Pasó el jueves de los compadres, donde los hombres se reunían a coplear en honor al carnaval que llegaba. También pasó el jueves de las comadres, quienes bautizaron a un muñeco de pan que llamaban guagua y coplearon burlándose de los hombres. Seba preguntaba todo y todo aprendía.

El día del desentierro llegó. Muy temprano por la mañana la gente del pueblo se encaminó a una de las laderas de los cerros que enmarcaban al pueblo. Al frente de la caravana marchaba el que lideraba la comparsa.
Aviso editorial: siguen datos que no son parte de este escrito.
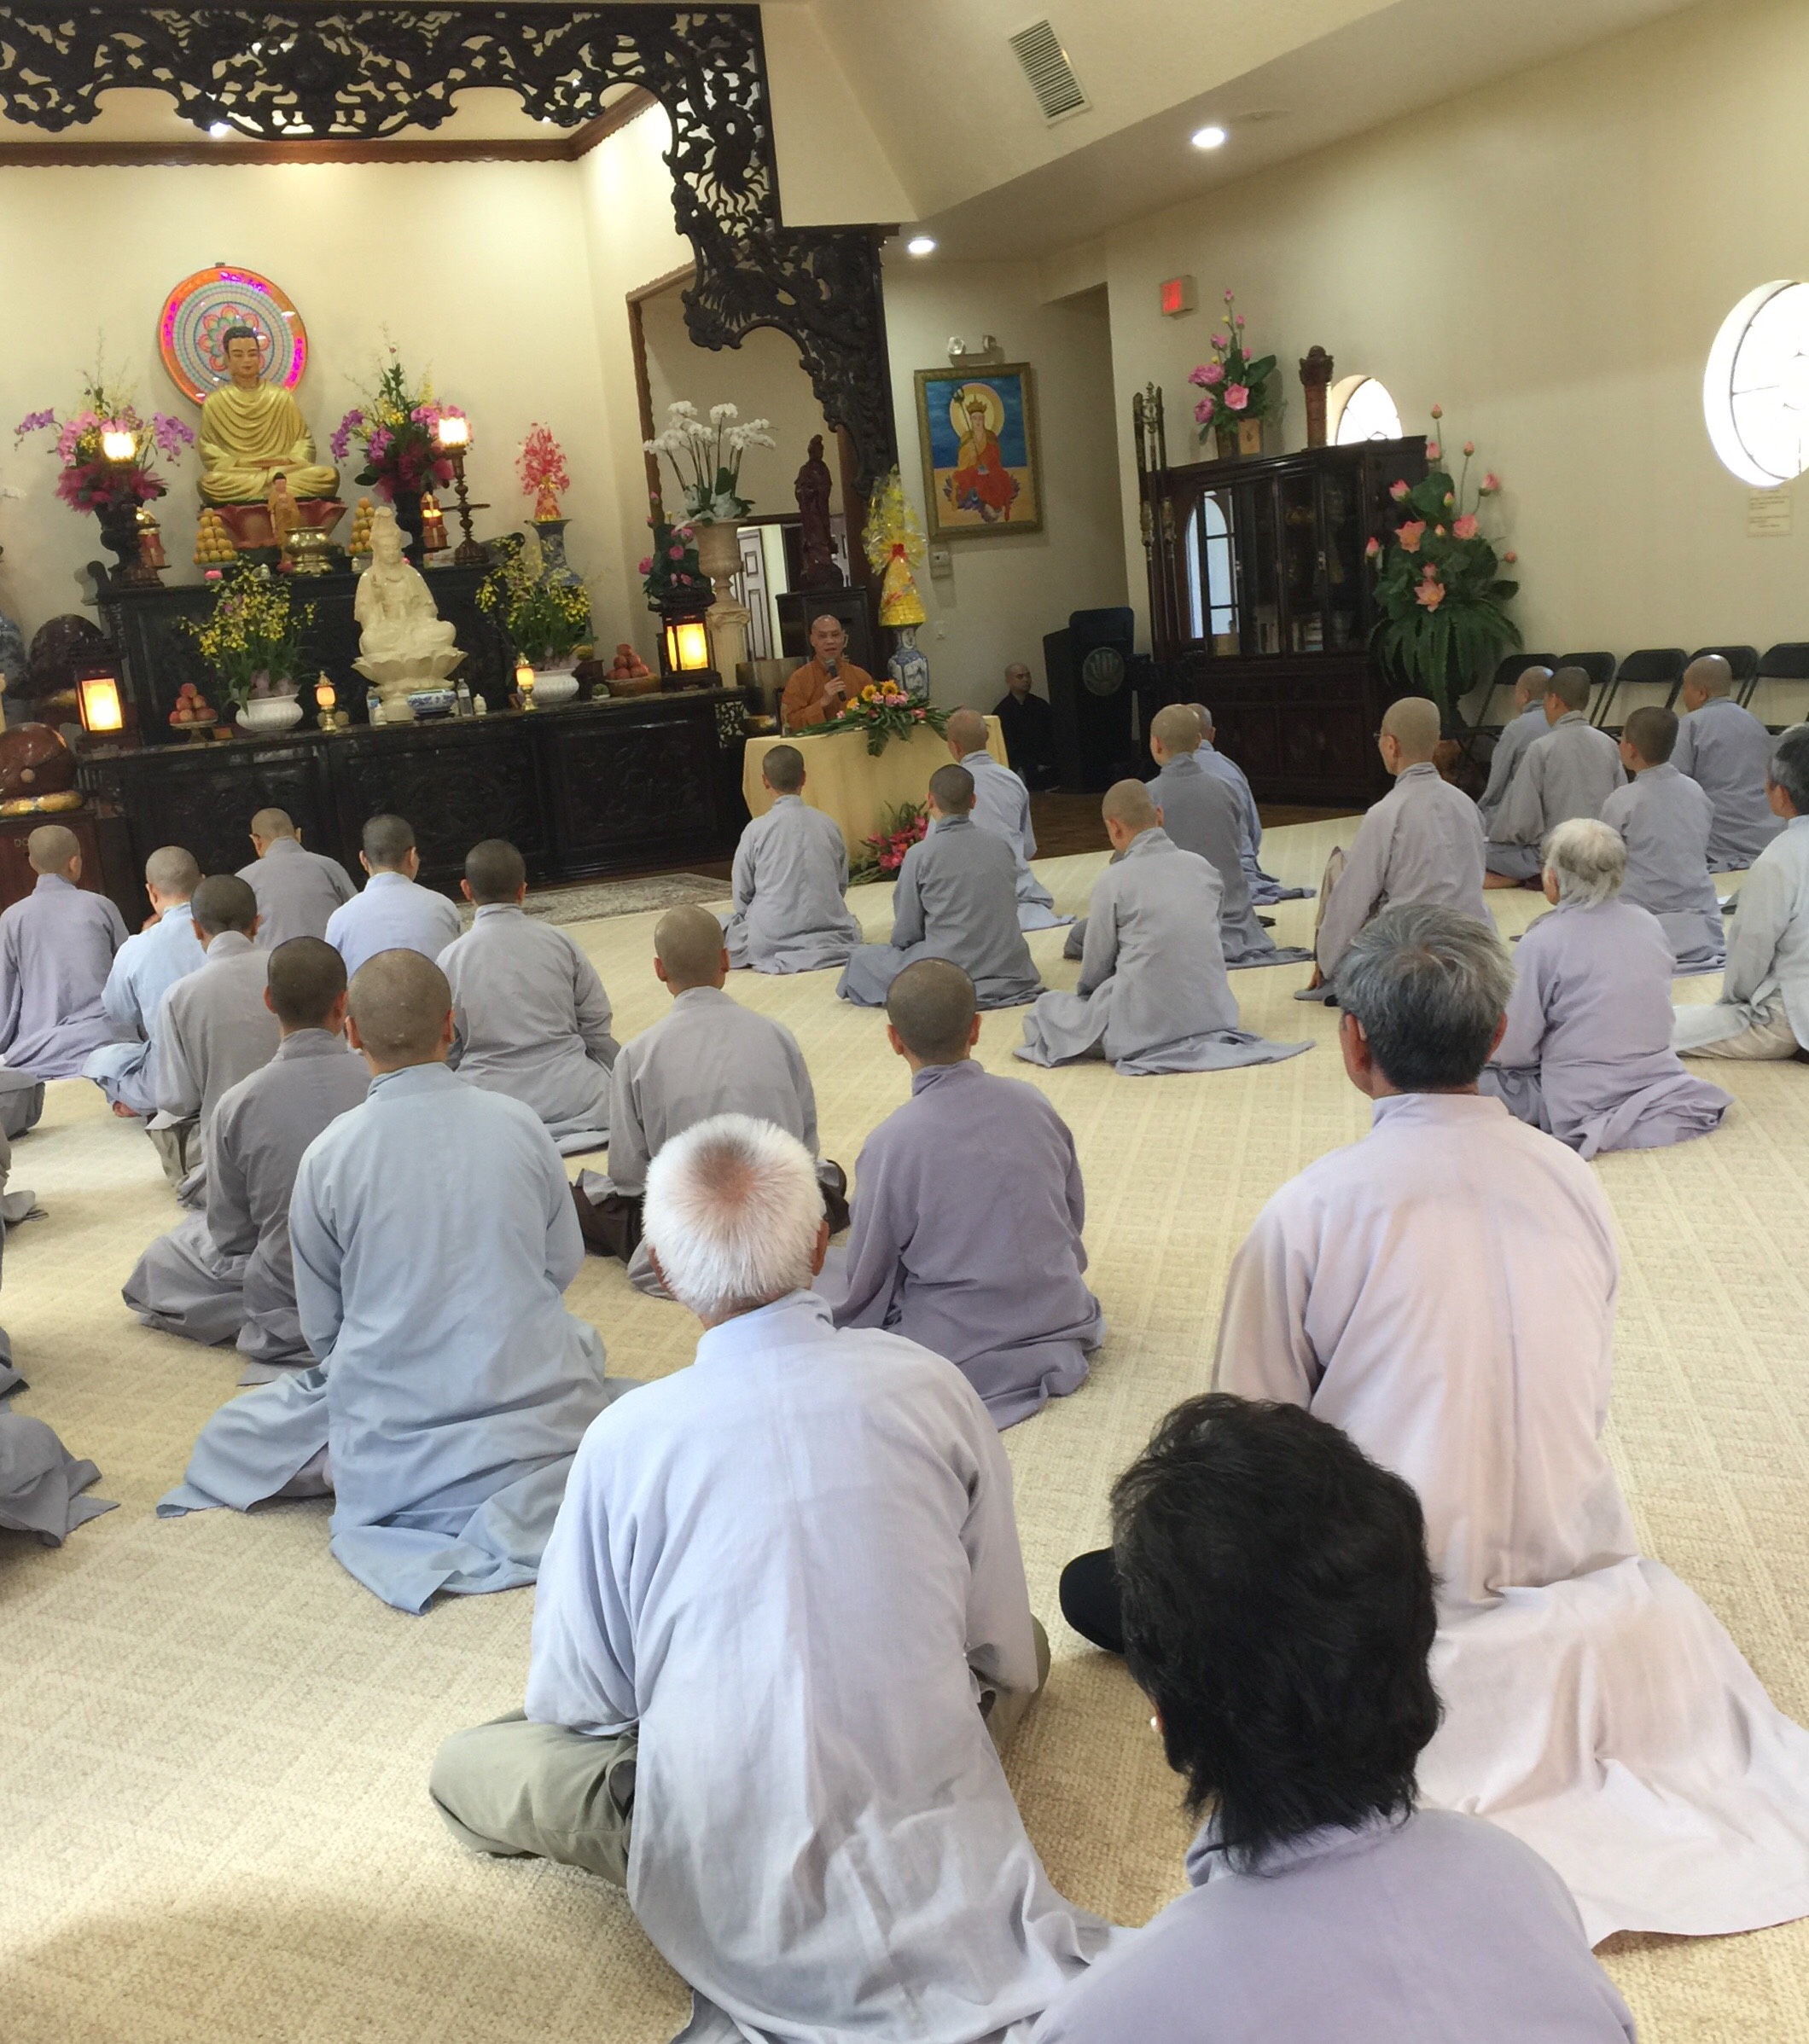 Pháp thoại “Chí nguyện tu hành” tại chùa Báo Ân, Orlando - Florida

Con mucha seriedad llegaron hasta un lugar donde estaban amontonadas muchas piedras, superpuestas, formando el mojón. Lo rociaron con las bebidas alcohólicas, esparcieron por encima las hojas de coca, lo rodearon de serpentinas y sembraron de papel picado, prendieron cigarrillos y los dejaron con el filtro en la tierra para que fume la Pachamama. A ella trataban de conformar para que deje salir de sus entrañas al diablo del carnaval. Las mujeres se tomaron del brazo y giraron en torno a la apacheta al son de las anatas, flautas que ejecutaban los hombres, y los niños las enharinaban a cada vuelta. La alegría estalló cuando el hombre que dirigía la comparsa sacó de entre las piedras un muñeco vestido de muchos colores fuertes ¡El Pujllay! exclamaron, y la fiesta comenzó. Todos dejaron sus rostros apagados y bailaron festejando la llegada del carnaval.

Seba, enharinado, con una ramita de albahaca detrás de su oreja y el pelo lleno de pintura, bailó y rió toda la jornada. La alegría, lo sabía muy bien ahora, era porque al fin se había encontrado. Sus orígenes, sus antepasados, su gente, su lugar en el mundo estaban allí.